A drain pipe submerged in an adjacent creek may have allowed New Zealand mudsnails to migrate up from the stream and infest the Bluewater Fish Hatchery this summer.

The operating procedures for the hatchery call for the pipe to be elevated above the creek, but over the years the pipe has become submerged. 

That's according to the results of an investigation launched by Montana Fish, Wildlife & Parks’ following detection of the invasive species on Aug. 18.

The hatchery, the third largest production facility in the state, is located east of Bridger alongside a spring.
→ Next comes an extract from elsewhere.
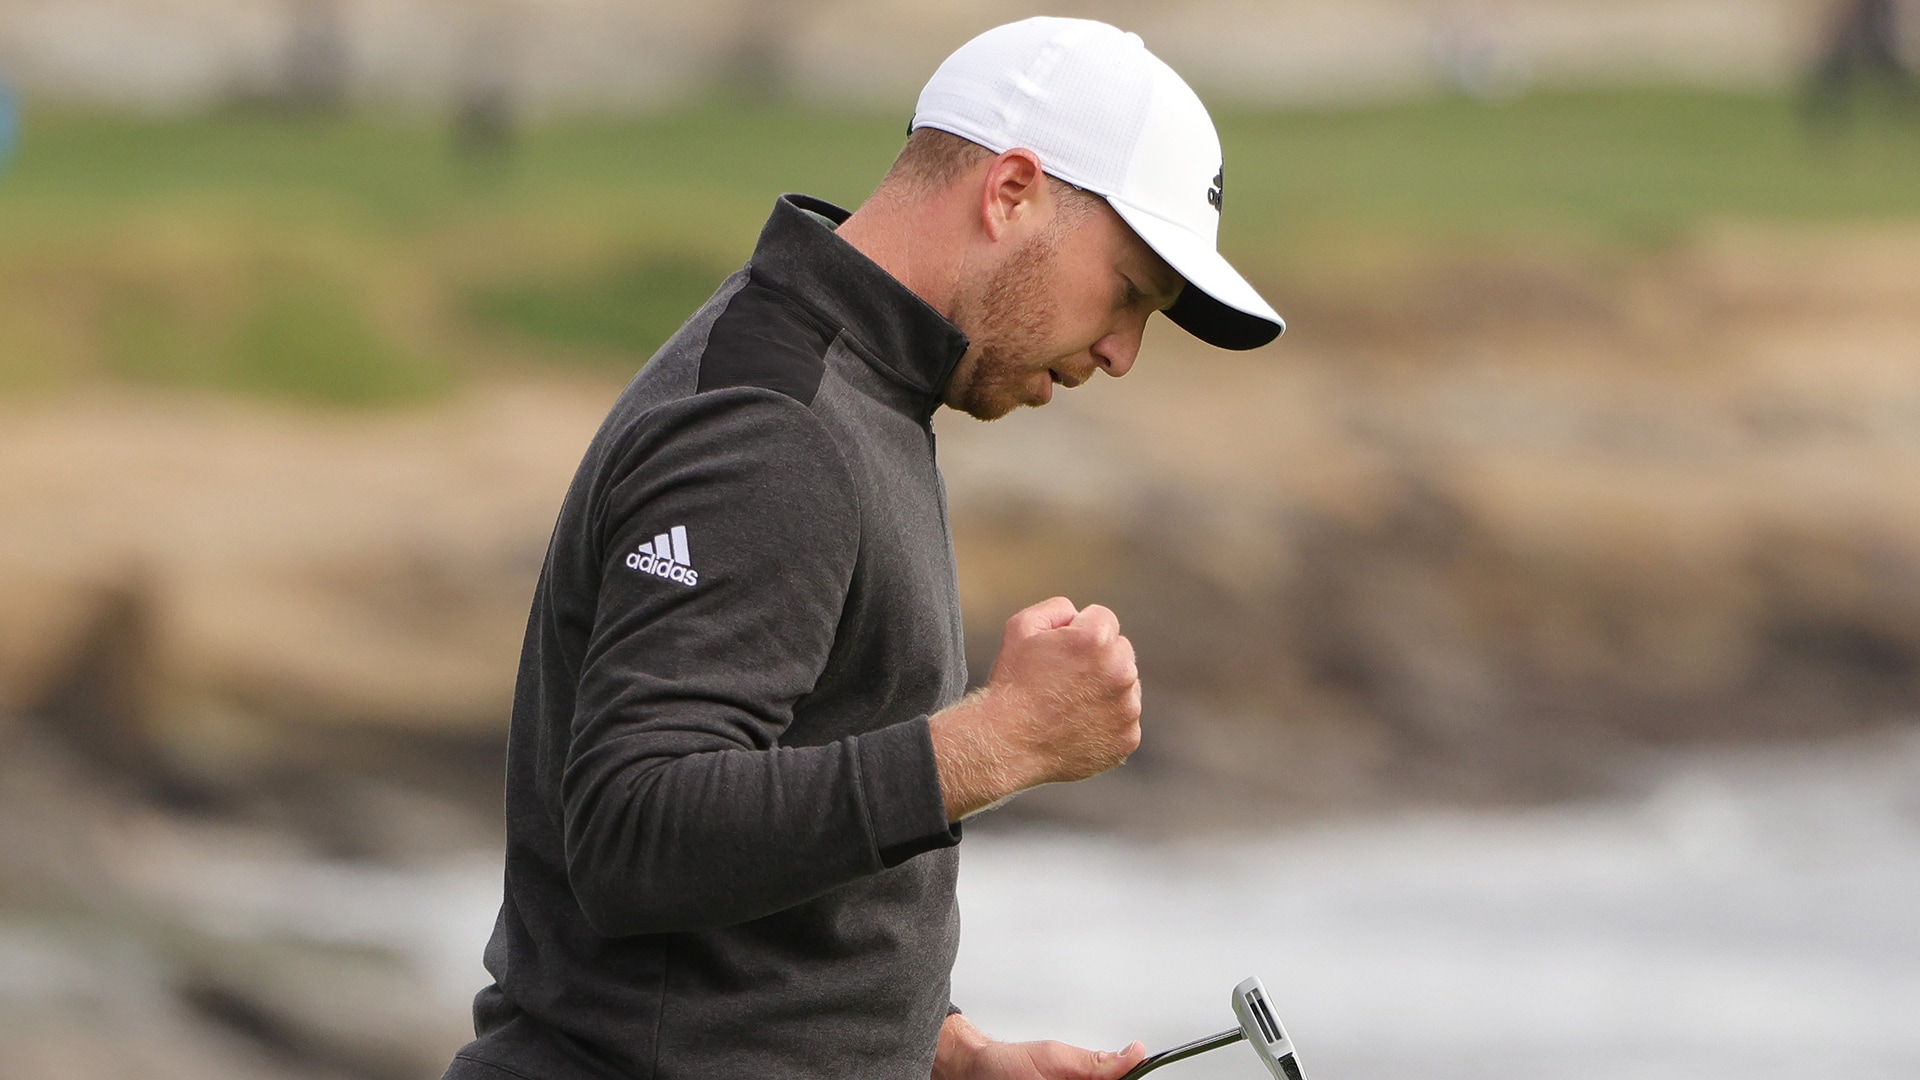 Watch: Putt of his life gives Daniel Berger closing eagle, Pebble Beach title 2

Fish were stocked from the hatchery this spring in regional lakes and ponds, but "There's no reason to believe they went out with those fish," said Bob Gibson, FWP's information officer in Billings.

Since discovery of the snails, the hatchery staff has killed and disposed of 20,000 pounds of trout being reared at the facility, a loss estimated at about $85,000. FWP staff are also working on a containment and mitigation strategy. Uncertain is whether infected fish were stocked at lakes or reservoirs, and what led to the infestation.

"There's no reason to believe mudsnails got out of the hatchery," Gibson said. "(Aquatic Invasive Species) crews are making a list of all places fish went to in the last couple of years. As you can imagine, that's going to be a pretty big list. The plan is now to go in and aggressively sample all of those places."

This is the first time New Zealand mudnsails have been found at an FWP hatchery. The plan is to make up the losses from Bluewater with surplus fish from other FWP hatcheries.

New Zealand mudsnails are an aquatic invasive species. They were first discovered in Montana in 1995 in the Madison River above Hebgen Lake. Since then, the snails have been detected in locations across the state. New Zealand mudsnails can be eaten by fish and other animals, like birds, but unlike native snails they are undigestible and can be spread by fish and wildlife into other waterbodies.

In a confined facility, like a fish hatchery, mudsnails can be quickly eradicated and the facility decontaminated. 

All hatcheries in Montana are inspected annually for AIS and fish pathogens. The mudsnails at Bluewater Fish Hatchery were detected during the hatchery’s annual inspection.